Beyond Ozempic and Mounjaro: A Five-Target Obesity Drug Just Outperformed Both
Industry Pulse › Beyond Ozempic and Mounjaro: A Five-Target Obesity Drug Just Outperformed Both
May 1, 2026 · Research
Researchers in Germany just built a single drug that hits five different receptors at once. In obese mice, it beat Ozempic. It also beat the dual-target combination behind Mounjaro. The work was published in Nature on April 30, 2026, and it points toward where the obesity drug field is heading next.
Here is what makes it interesting. Most obesity drugs work by hitting one or two targets. Semaglutide, the active ingredient in Ozempic, hits one. Tirzepatide, the active ingredient in Mounjaro, hits two. Retatrutide, the next compound in Eli Lilly’s pipeline, hits three. The German team built something that hits five. And the clever part is not the number. It is the targeting.
Why Hitting More Targets Has Been the Strategy
Obesity is not a one-receptor problem. The body has multiple overlapping systems that control hunger, fat storage, blood sugar, and energy use. If a drug only hits one of those systems, the others can compensate. The body is good at finding workarounds.
This is why the obesity drug field has been racing to combine more targets into single molecules. Each generation has produced more weight loss than the last. Semaglutide gets patients to roughly 15% body weight loss. Tirzepatide pushes that to 22%. Retatrutide, in recent Phase 3 data, hit 28.7% mean weight loss. That is the first non-surgical drug to match what bariatric surgery delivers.

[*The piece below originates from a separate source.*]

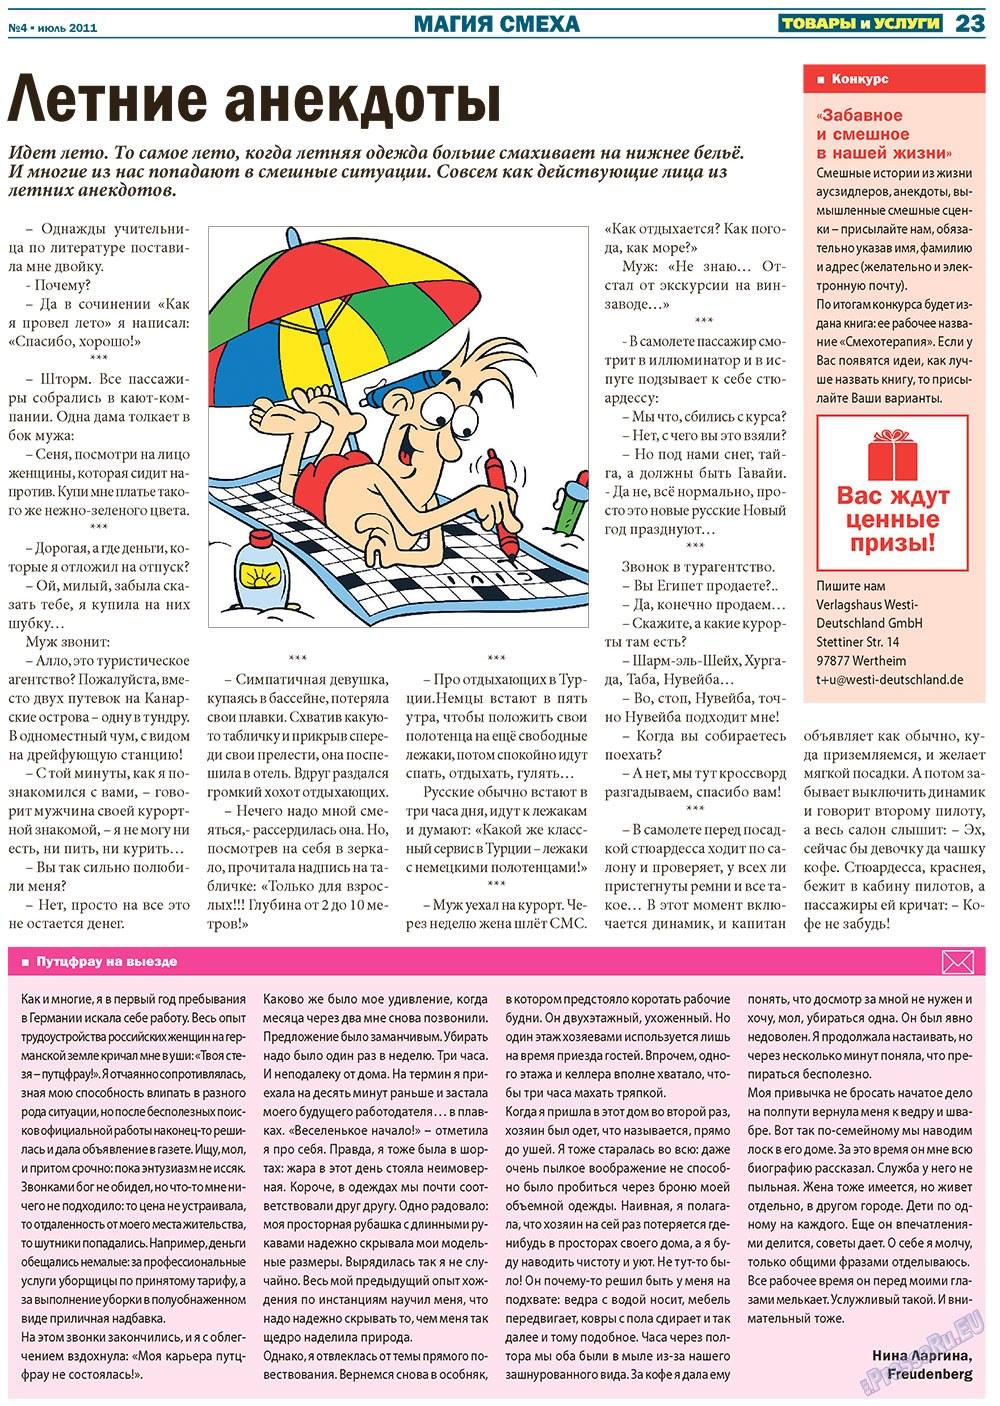 Товары и услуги (газета). 2011 год, номер 4, стр. 23
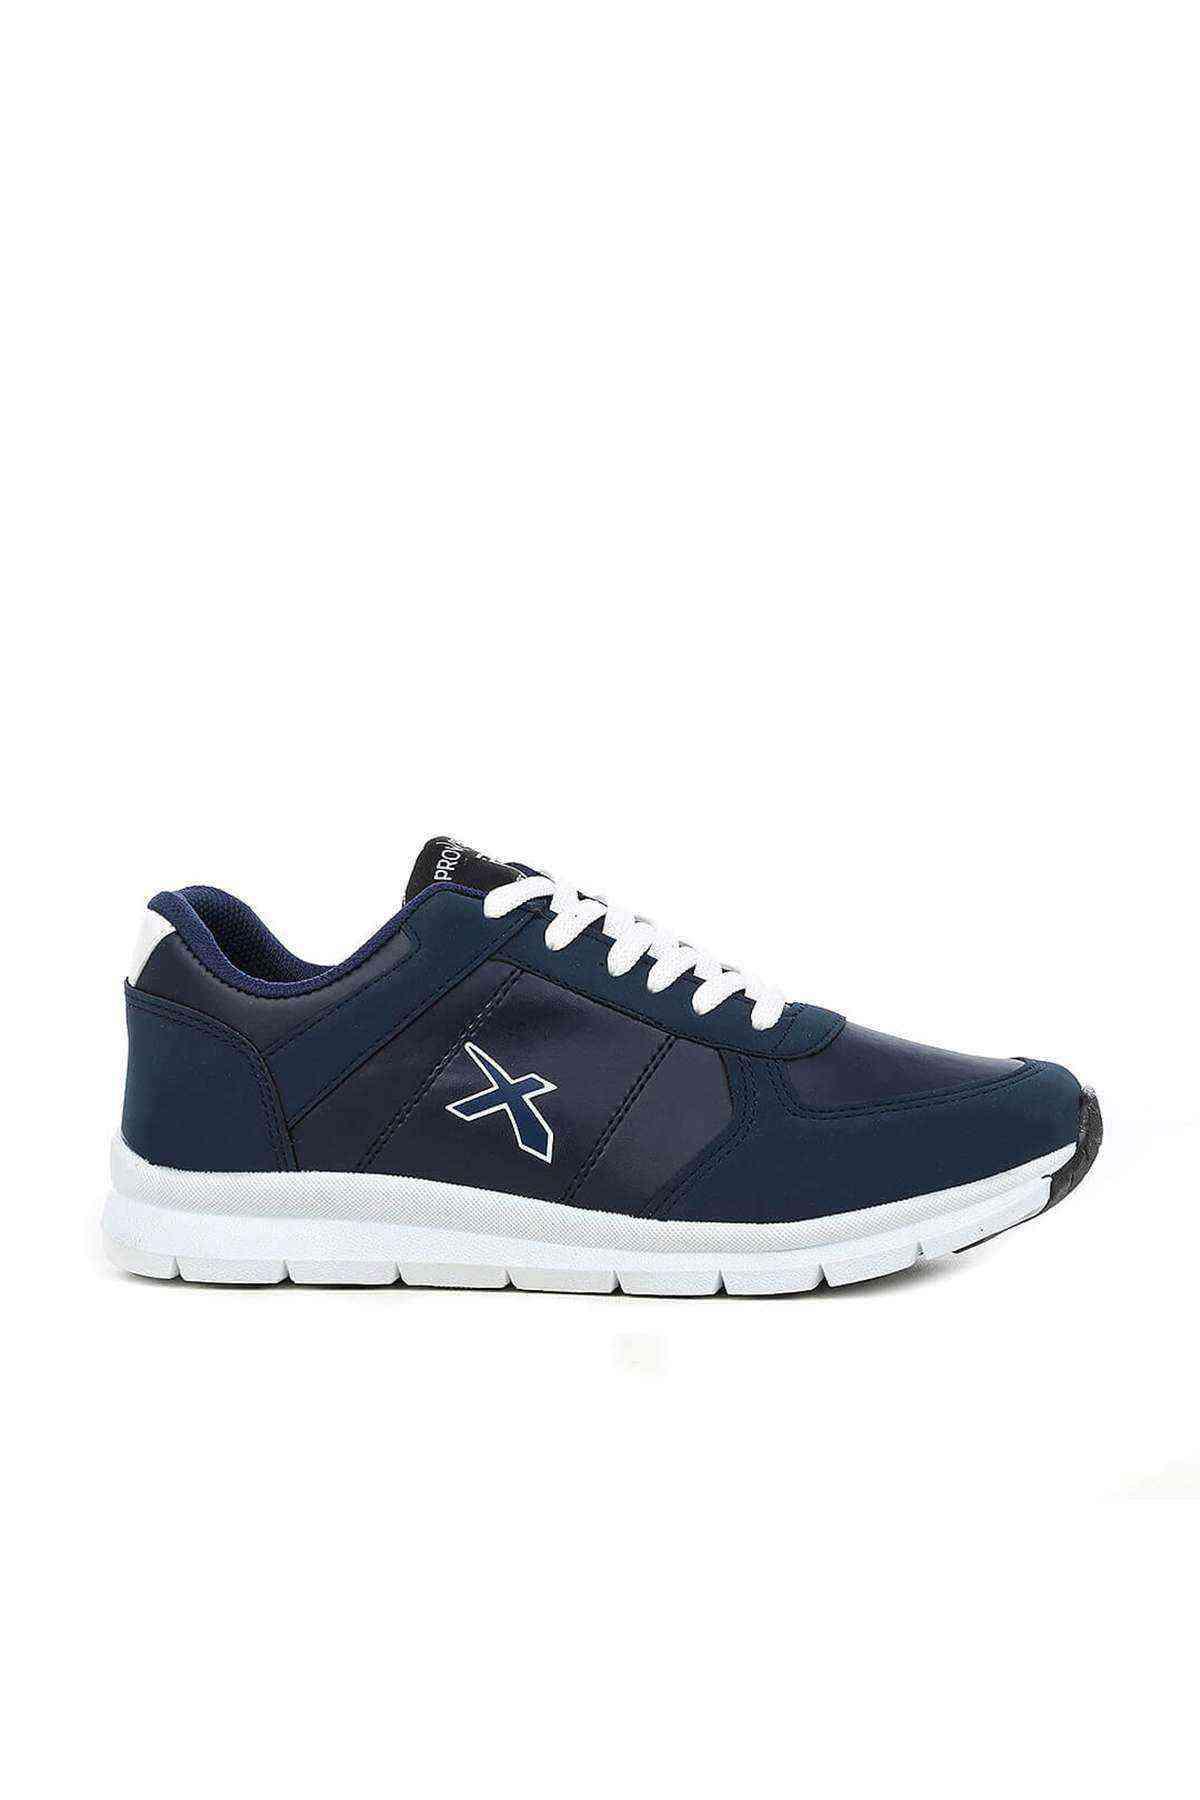 Lacivert Erkek Spor Ayakkabı - Prowess 210

The German team’s work asks the next question. If three targets is good, what about five? And how do you do it without the side effects that usually come with hitting more targets at once?
The Side Effect Problem
Adding more targets sounds good in theory. In practice it gets ugly fast. The receptors a drug hits are not just sitting in your fat cells. They are in your liver, your gut, your kidneys, your brain, your heart. Hit them all, and you get effects everywhere. Some helpful, some not.
The new drug includes a class of receptors called PPARs, which control how cells use fat and sugar. Activating PPARs is one of the most powerful metabolic levers there is. The problem is that PPAR activation everywhere in the body causes serious side effects. Drug companies have spent twenty years trying to solve this and mostly failed.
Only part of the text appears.